Kenyan President Uhuru Kenyatta signed into law a controversial anti-terror bill on Friday despite a political uproar by opposition lawmakers who warned that the new measures would turn Kenya into a “police state.” The bill was signed a day after fights broke out in parliament on Thursday during a tense vote on the new measures.

Kenyatta headed off criticisms about the bill on Friday, denying that it would threaten civil liberties. "I am confident that you will find that there is nothing in this law that goes against the bill of rights or any provision of the constitution... its intent is to protect the lives and property for all the citizens of this Republic," he said in televised remarks, according to Reuters.

He also urged Kenyans to read the bill, which gives authorities new powers to crack down on terror suspects and to curtail press freedoms. Police can hold people suspected of terror offenses for 90 days. The new bill would allow them to hold terror suspects for nearly a year without charge and gives authorities the power to increase sentences and tap phones, Al Jazeera reported. Journalists could also face up to three years in prison if their work is seen as undermining “investigations or security operations relating to terrorism,” and must obtain police permission before publishing information related to investigations on terrorism.

Opposition politicians have vocally decried the measures. “This is a serious assault on the freedoms that Kenyans are enjoying today,” opposition coalition leader Moses Wetangula said, according to Al Jazeera. The opposition, along with civil society groups and the media, are planning to go to court to challenge the law, the BBC reported. The passionate outcry from the opposition ignited during Thursday’s parliamentary session, when MPs tore up the bill and chanted anti-government slogans. A fistfight also broke out during the session, which was shown live on television.

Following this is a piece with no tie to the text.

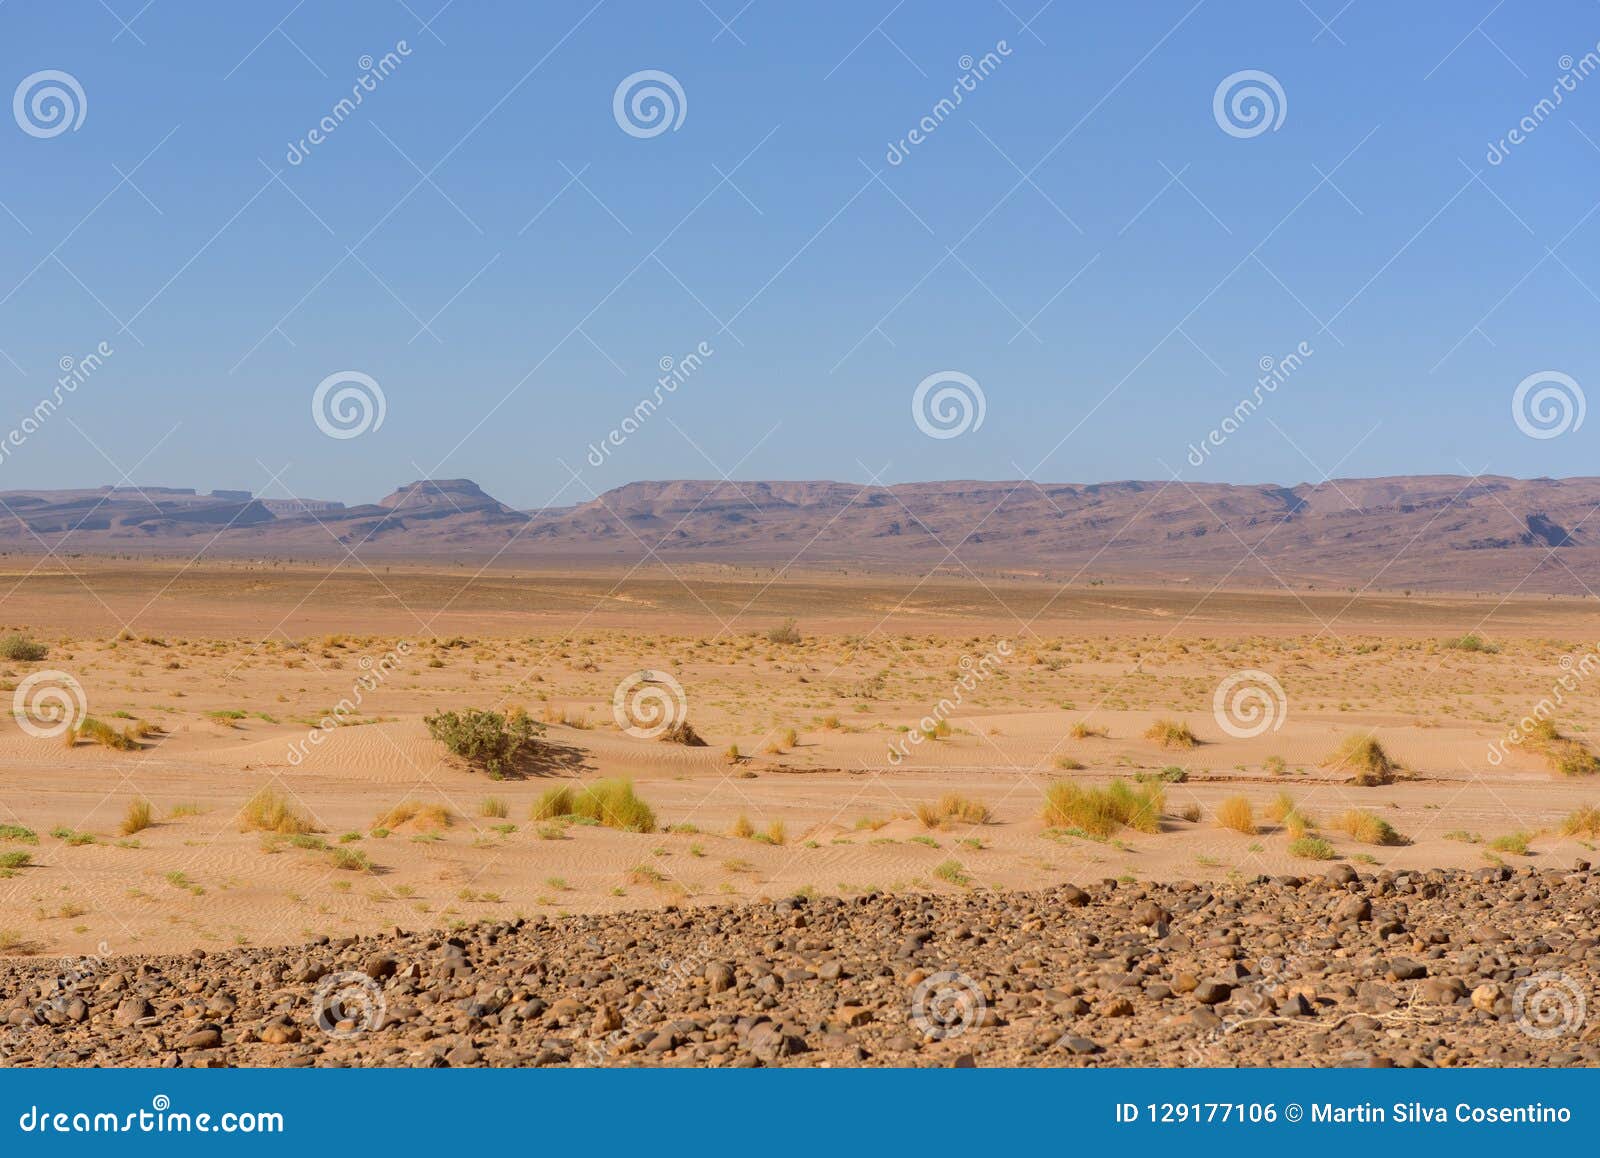 dunes in the desert of sahara, morocco.

Kenya’s government has argued that the bill is a necessary measure in heading off the threat of terrorism faced by the country, which is in the process of a security crackdown following a series of recent attacks. The Somali militant group al-Shabab has killed 64 people in two separate attacks in Kenya’s northeast Mandera region since last month, according to the BBC. The group was also responsible for last year’s Westgate mall siege in Nairobi that resulted in the death of 67 people.